«Ubique media daemon»[3] — так окрестила церковь это злосчастное дитя. Она во всём обвинила мировые средства массовой информации (а не Джона Гленна). Мол, вначале — приговорённые к смерти, которые настаивали на телевизионной казни, потом — самоубийства перед включённой телекамерой, и вот теперь — эта безбожная, дикая идея: дать запулить себя в космос, чтобы через три дня огненным шаром низвергнуться на Землю, как падший ангел.
«Харон» возражал против того, чтобы суицид изображался как морально предосудительное действо. Напротив, мол, право на жизнь включает в себя и право на смерть, поскольку то и другое неразрывно связано между собой.
Корень возмущения произрастал, без сомнения, из нашей цивилизации. Он был феноменом культуры. Если вождь племени навахо объявляет своей семье, что сегодня благоприятный день для того, чтобы умереть, его смерть будет принята безоговорочно. Старик пойдёт со своими сыновьями к святому месту и там расстанется с жизнью. А если человек из современного общества хотя бы намекнёт на такое, его тут же упекут в психушку.
Но как быть, если этот человек родом из семьи, где чуть ли не все имели генетическое предрасположение к смерти от рака? Из семьи, мужская линия которой, кроме того, была склонна добровольно готовить конец своему существованию? Из моей семьи?

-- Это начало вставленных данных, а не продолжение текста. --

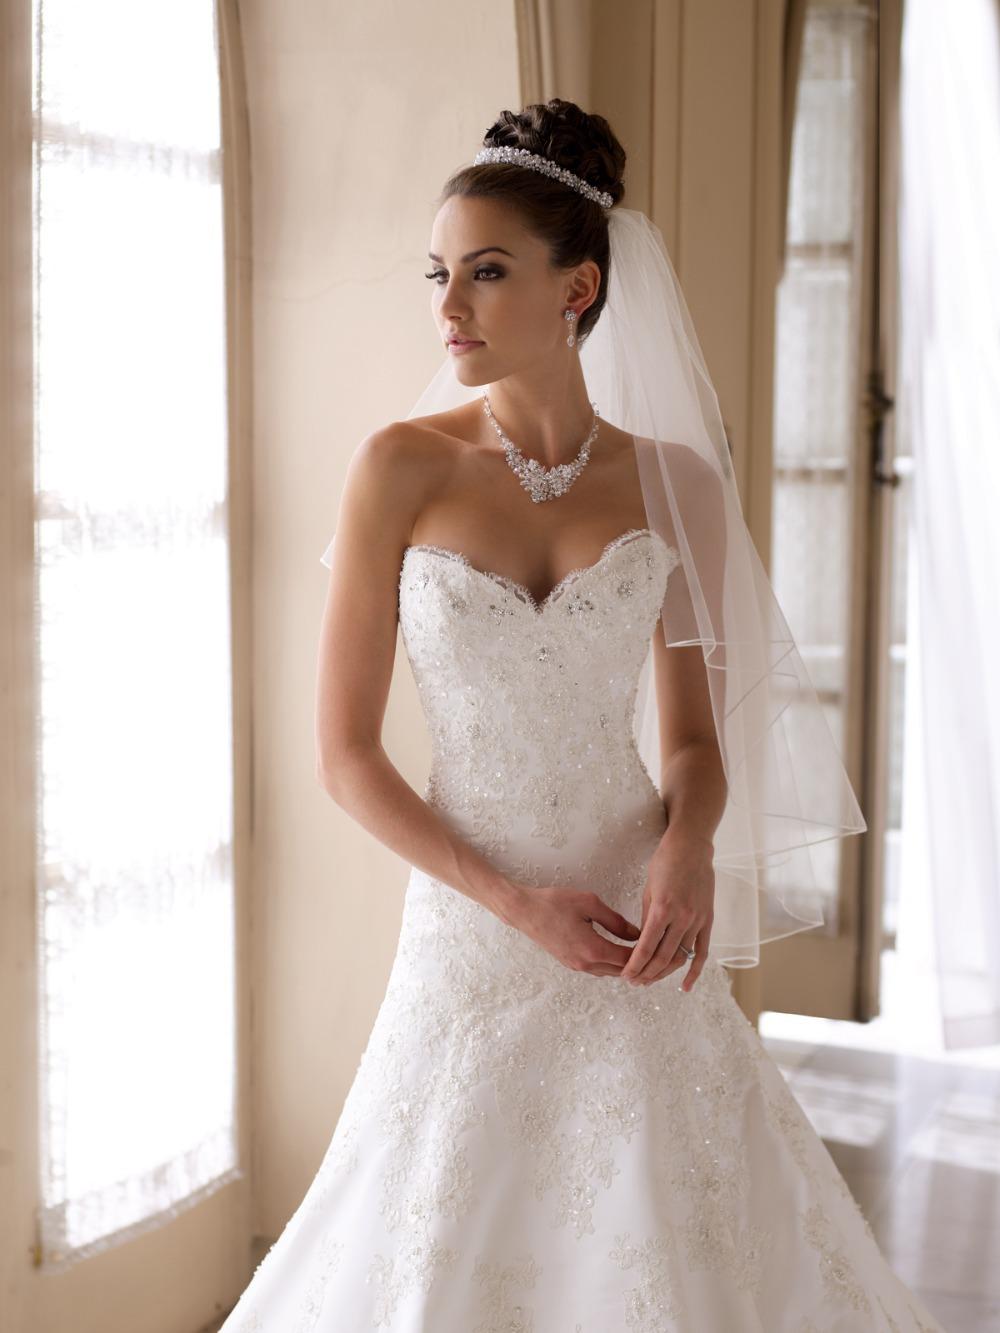 Crear su vestido de novia en línea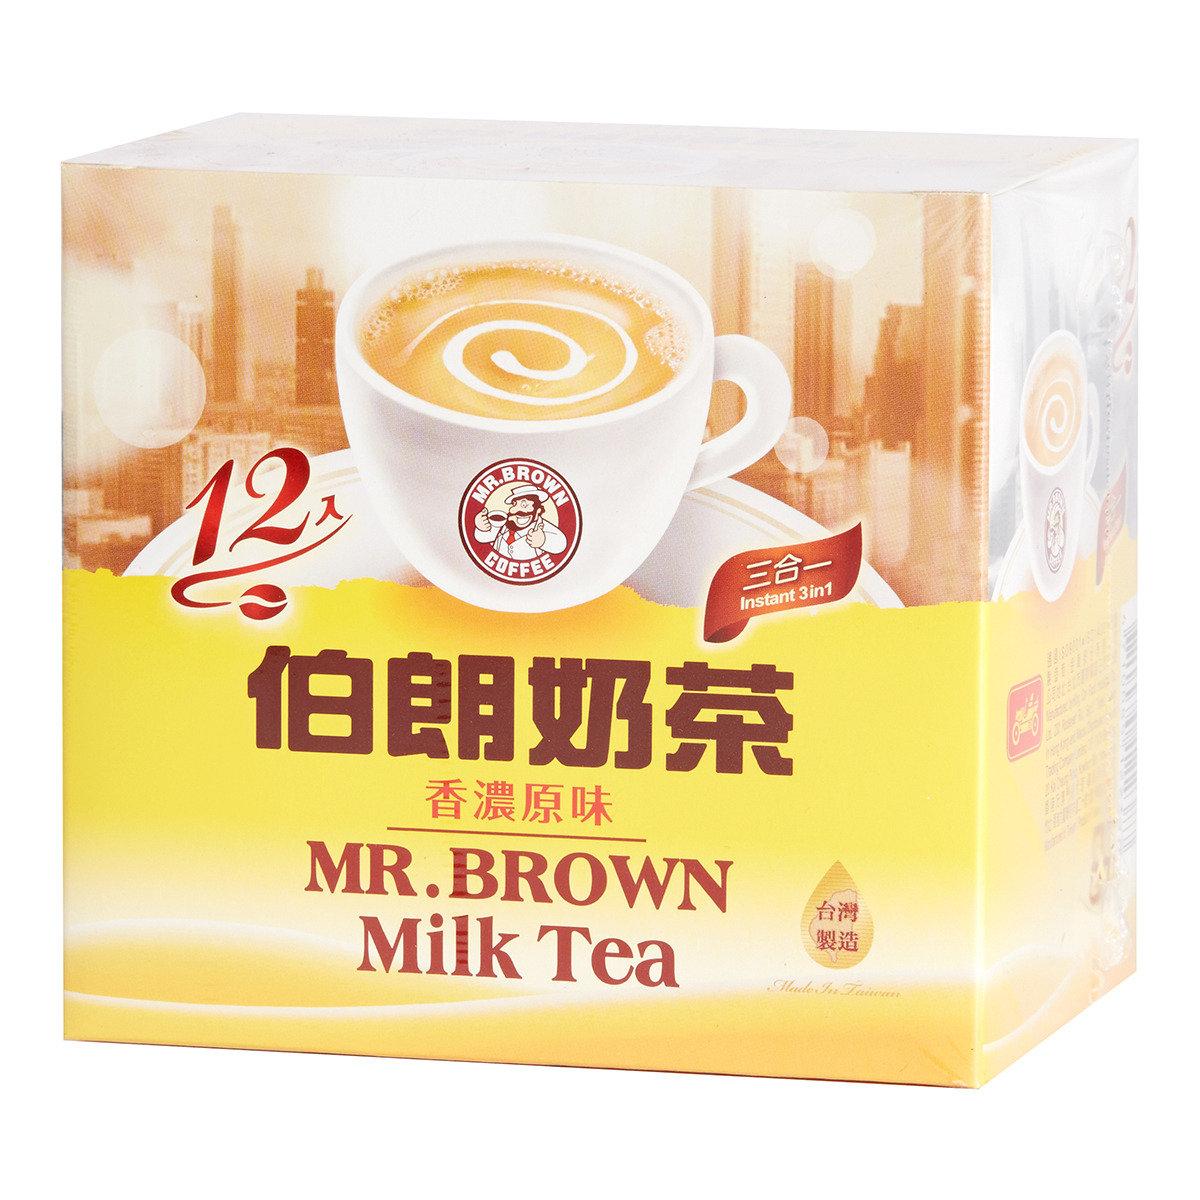 奶茶三合一

Вопреки результатам судебно-медицинского заключения, я убеждён в том, что Рон Ван Арсдалл был ещё жив, когда ринулся на своей машине с утёсов Коль-Мунье. Он знал об опухоли, которая разрасталась в его голове — и которая за два года с момента сё обнаружения ни разу не вызвала ни одного спазматического приступа! Только головные боли. А может, мой отец тогда совершенно спонтанно выжал педаль газа до конца, бросил руль и вслух сказал:
— Ну что, Господи, покажи, как Ты умеешь водить машину!

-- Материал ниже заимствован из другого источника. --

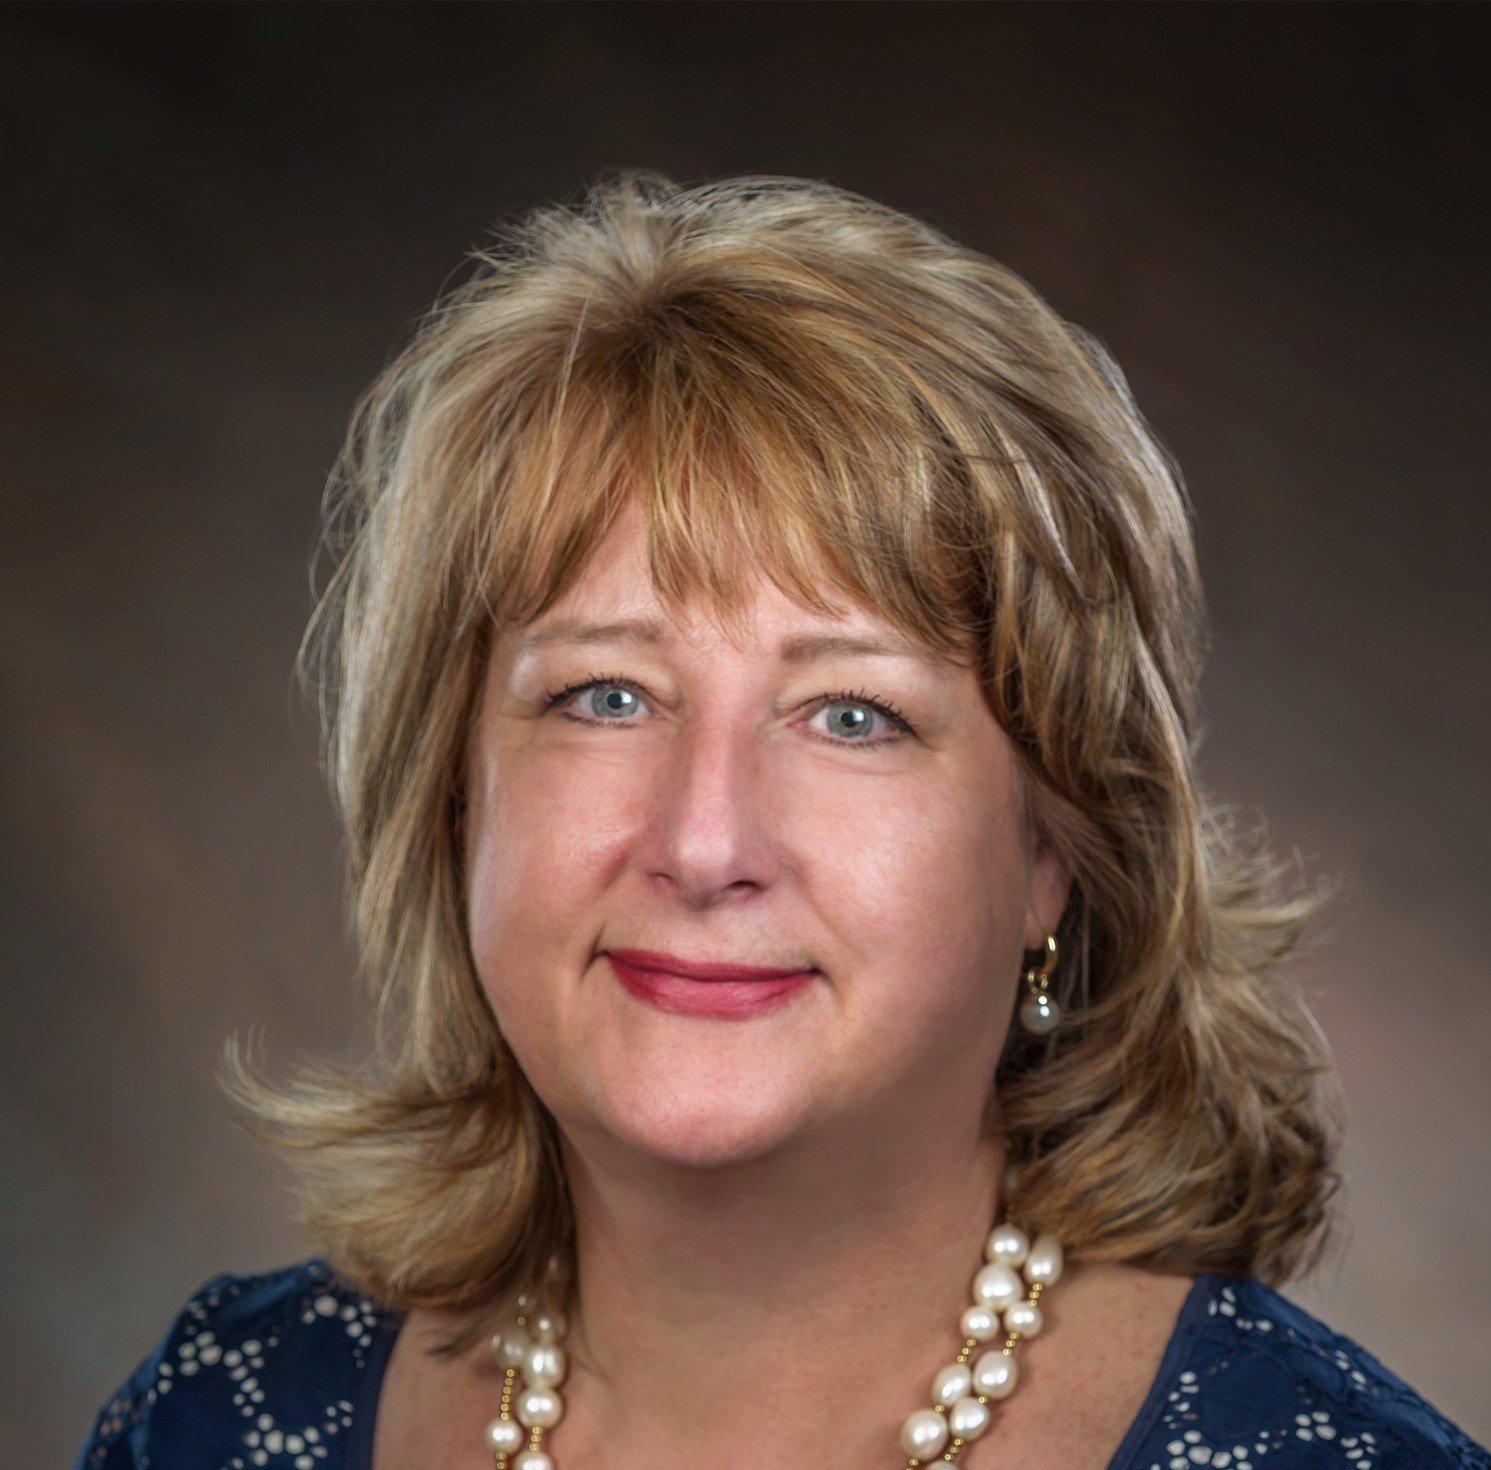 Shelley Kienke

С момента его смерти у меня было тридцать лет для того, чтобы подготовиться к болезни и поразмыслить, как мне распорядиться наследством в 12 миллионов евро. Я принял решение расстаться с жизнью в космическом полёте, проглотив в его конце капсулу, вместо того чтобы догнивать в больнице в ежедневном ожидании, когда санитары подсунут мне утку под задницу. Я мирно и счастливо принял решение, вызывающее древний страх у девяноста процентов людей и заставляющее остальные десять процентов с завистью смотреть в ночное небо.
Что же касается якобы извращённой природы проекта, то сжигание есть древнейшая в мире форма погребения. В Индии и Непале родные смазывают своих покойников, поливая их маслом, и сжигают. Огонь, согласно религиозному учению индусов, освобождает душу от тела. В этой культуре очень важно, чтобы голова лопнула ещё в процессе горения. Если этого не происходит, родные должны разбить голову палкой. Так у них остаётся надежда на последующее возрождение. Пепел развеивают над священными водами, чтобы все грехи были смыты. В одной только Индии в священные реки ежегодно выбрасывается почти 2 тысячи тонн останков сожжённых трупов. Если ссыпать в одно место в море пепел всех трупов за прошедшие пять тысяч лет, то вырастет остров размером с Исландию. А если составить друг на друга все урны с собранным за это время прахом, то воздвигнется башня высотой до Урана.
Моё решение сгореть на орбите было не трусостью, уж точно нет. Это поймёт каждый, кто окажется здесь, наверху.
Для многих людей космический полёт остаётся мистическим опытом. Целые орды талантливейших психологов не смогли бы подготовить человека к этому. Вид голубой планеты, предполагаемая близость к Богу… Мысль об этом щекочет нервы даже атеистам.
В том случае, если пилот «Слайдера» не сделает этого вовремя сам, бортовой компьютер автоматически активирует через 72 часа функцию поджига при сходе с орбиты. Три дня — это чёрт знает как много времени для того, чтобы раскаяться в своём намерении умереть. У многих возникают сложности и с одиночеством. Были, наверное, случаи, когда пилоты пытались вывести из строя компьютер, чтобы сорвать обратный отсчёт времени для вхождения в атмосферу, или, не дожидаясь поджига, долететь до какой-нибудь космической станции. Некоторые даже пытались добраться до «Симидзу» или какого-нибудь другого космического отеля. Но никому не удалось. Большинство орбитальных отелей — таких, как «Астростар» или «Берлин» — находятся на слишком высокой орбите.